Re: Some problem pattern matching
by amedico (Sexton) on Apr 03, 2010 at 06:14 UTC
    You can simplify your code considerably by using the DBI "fetchrow_hashref" function (which gets each row as a reference containing the column names as keys and the column values as values) instead of storing the column data to separate parallel arrays. Something like this:
    my $sth = $dbh->prepare( "SELECT pmid, abstract FROM PM_text " . "WHERE title LIKE '%E.coli%'" ); $sth->execute; my @text_refs = ($sth->fetchrow_hashref()); $sth->finish; ... for my $text_ref (@text_refs) { for my $cont_name (@cont_names) { if ($text_ref->{abstract} =~ m/$cont_name/im) { for my $bact_name (@bact_names) { if ($text_ref->{abstract} =~ m/$bact_name/im) { print "matched at text $text_ref->{pmid}, " . "for $cont_name and $bact_name\n"; $sth2->execute( $bact_name, $cont_name, $text_ref->{pmid} ); $sth3->execute( $cont_name, $text_ref->{pmid} ); } } } } }
    Possibly you have a logic error here - the "$sth3->execute()" call depends only on the outer two loops, but it is occurring in the innermost loop. Thus if more than one bacteria name matches for a given abstract/contaminant pair, you will end up trying to insert duplicate records into that "PM_cont" table. Possibly the "$sth3->execute()" call should be moved out one level.

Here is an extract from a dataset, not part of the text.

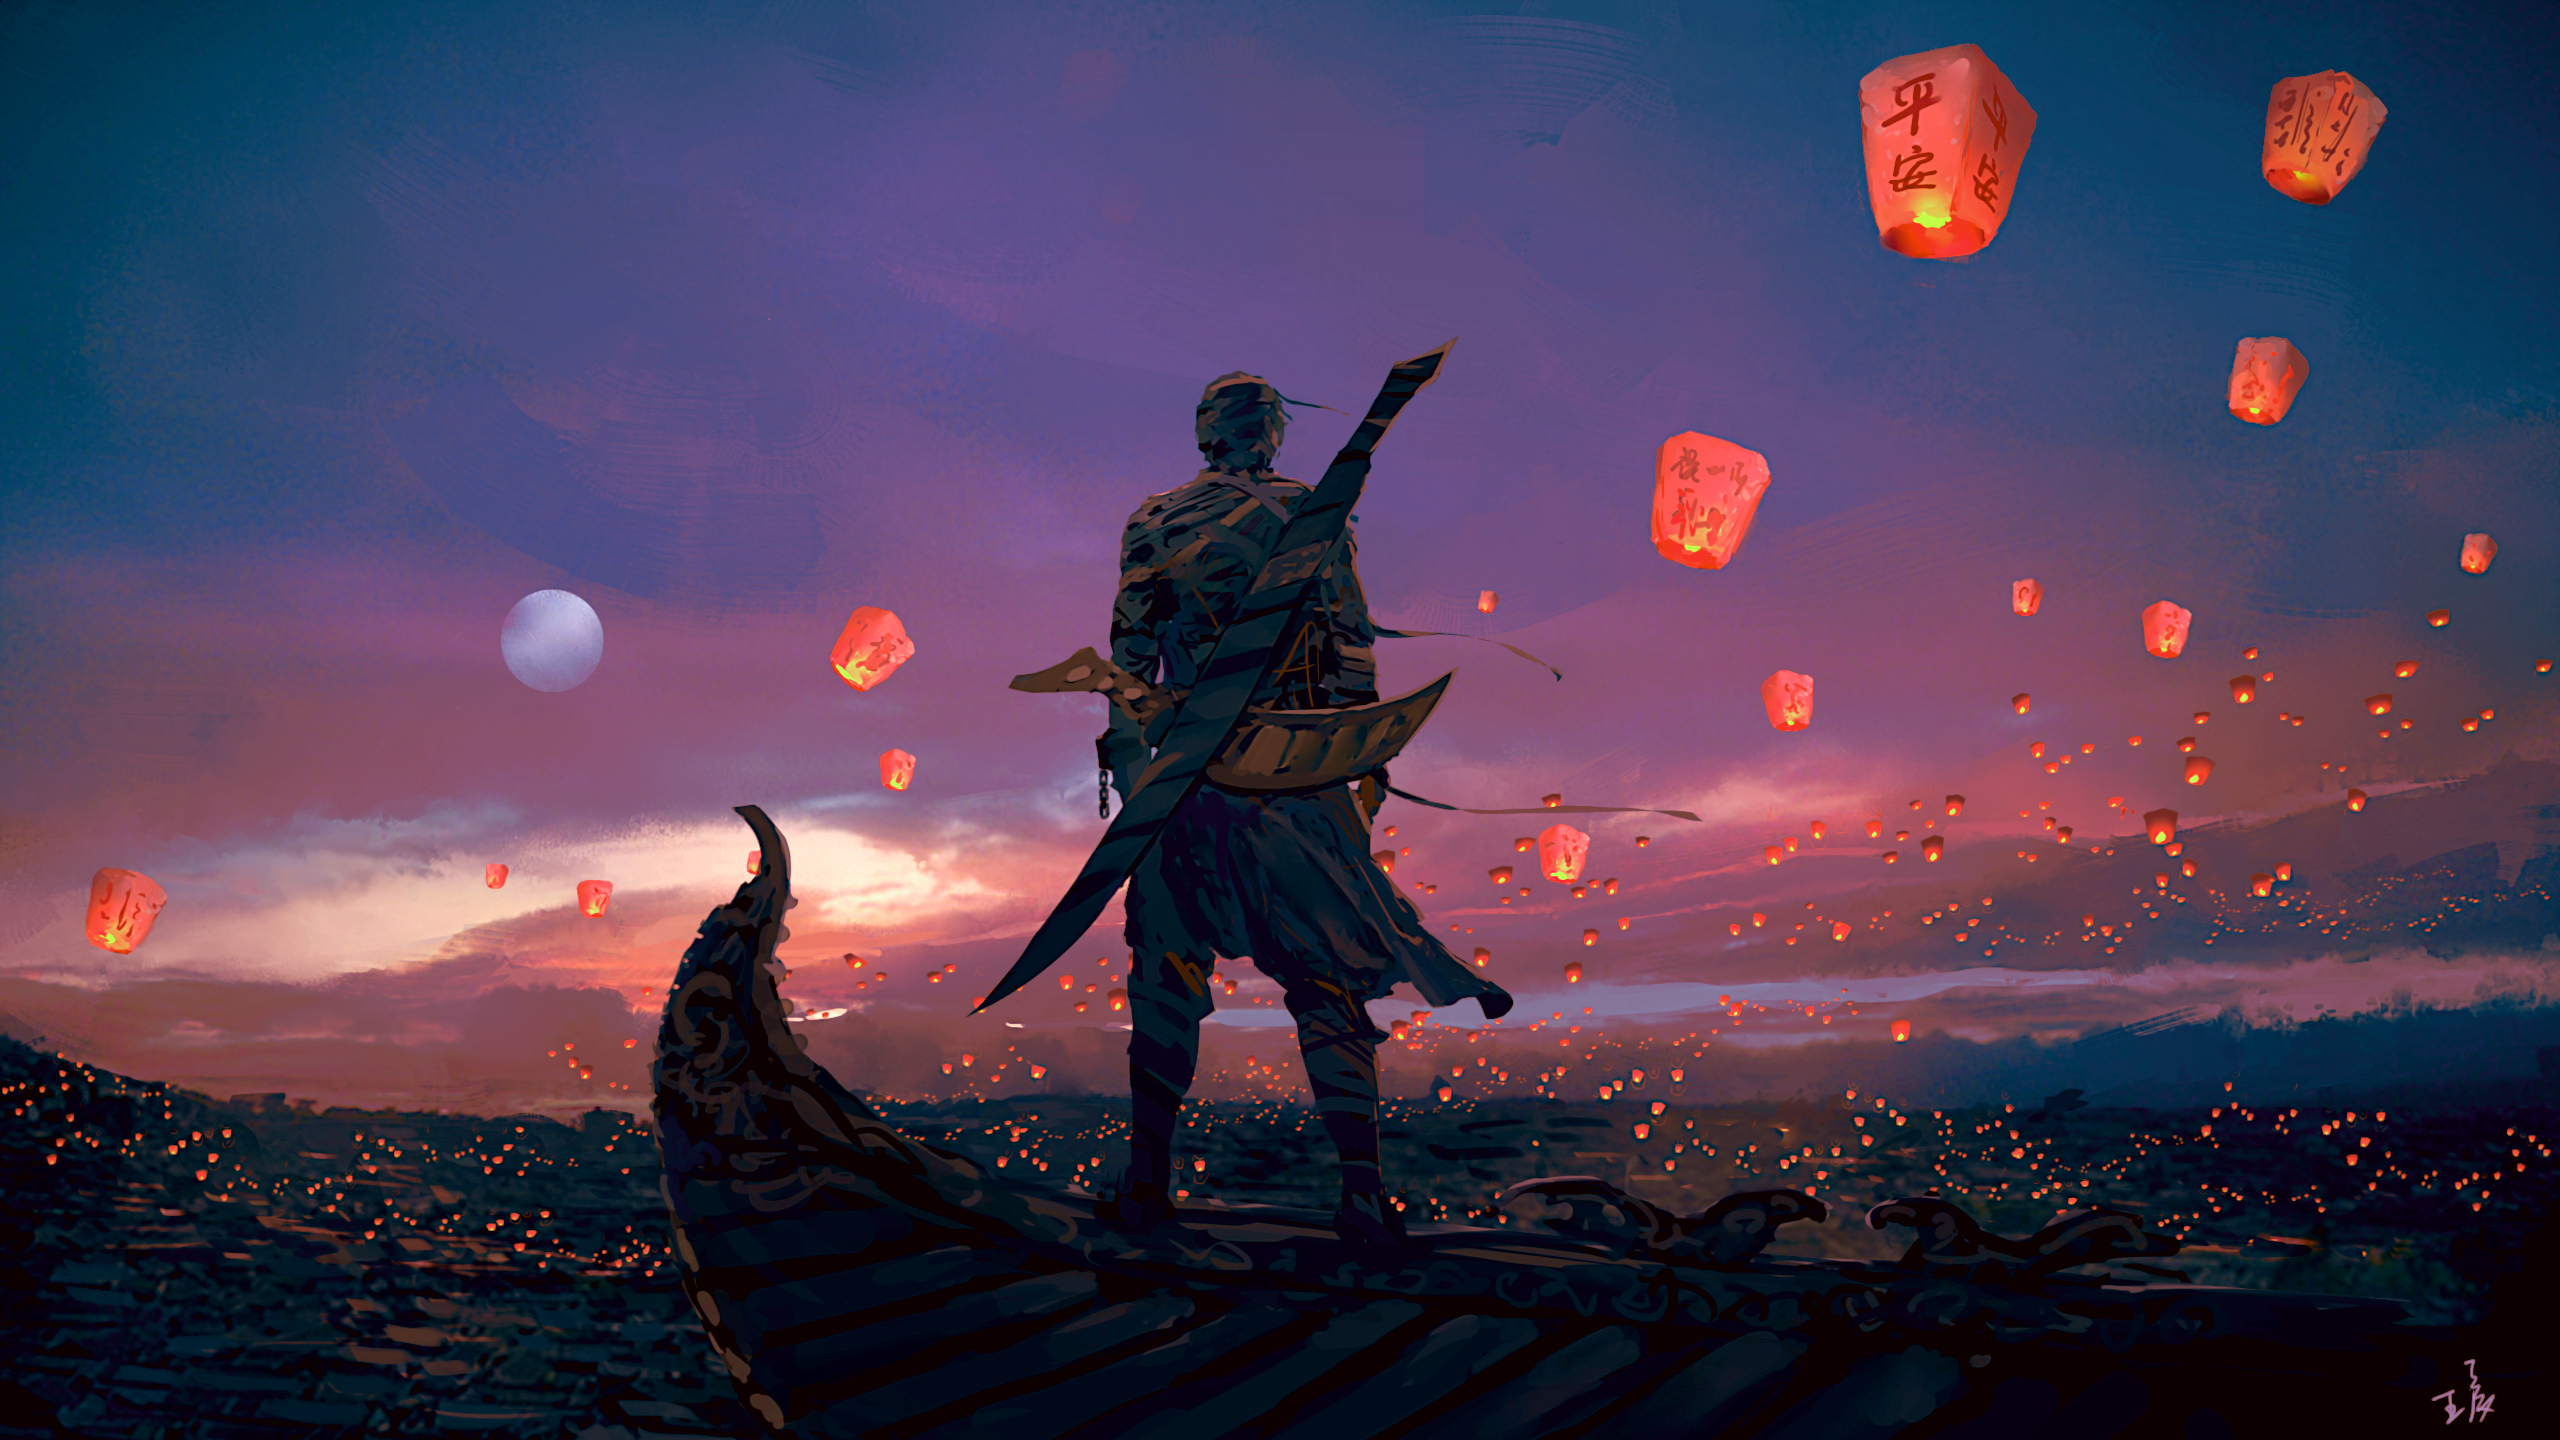 samuraimummy.jpg
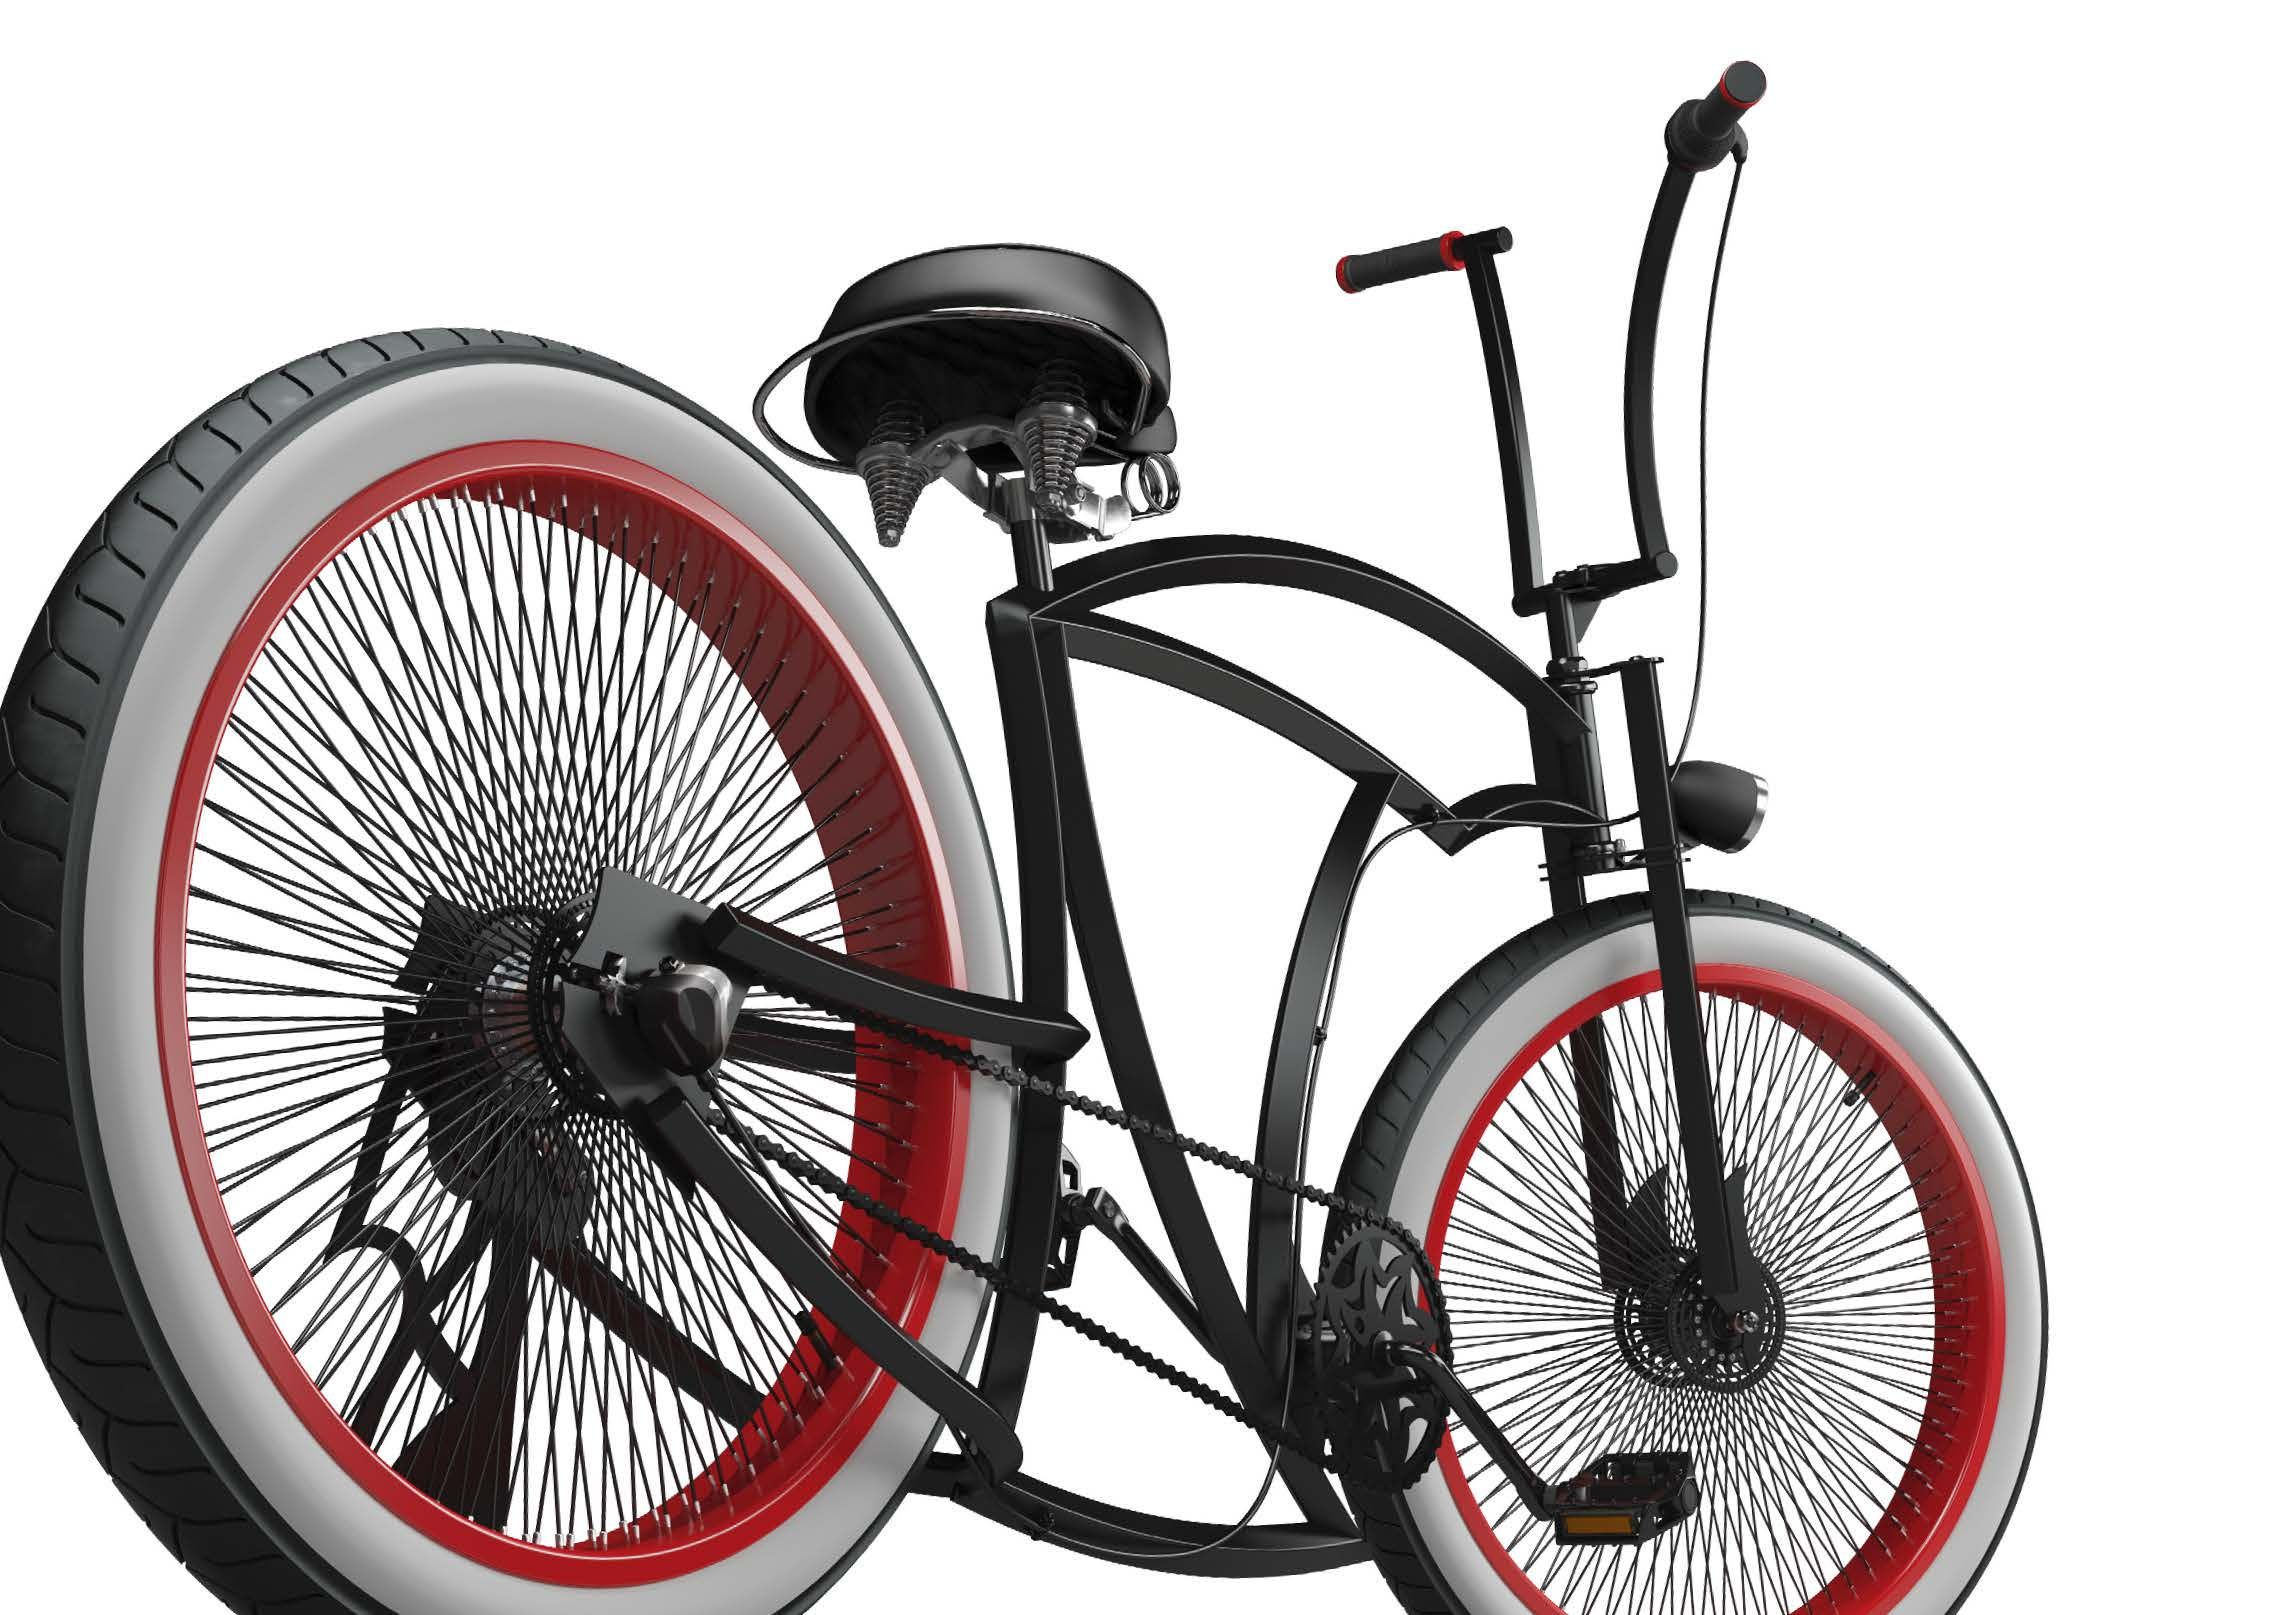 Pin De Wheel Cities Inc Em Design Research

      Thanks amedico. I notice the improvement from using 'fetchrow_hashref'. Thanks. I'm currently 'having a go' at the 2nd suggestion, to see how it affects the entire scheme. Thanks a lot

Re: Some problem pattern matching
by jethro (Monsignor) on Apr 03, 2010 at 02:56 UTC

    Without the database it is difficult to run the script. So it might be better to help you debug than to just guess wildly. But nevertheless here is one wild guess: The line

    push(@abst_listing,$abstracts[1]);

    pushes into @abst_listing without checking the value in $abstracts[$1]. Maybe @abstracts has only one value, that would push the undefined value into @abst_listing, eventually generating an error message like you have seen.

    By the way, the error message you get normally tells the variable that is undefined as well as the line number. You should read those error messages with an alert mind and think about it, or if you ask questions somewhere, include this information.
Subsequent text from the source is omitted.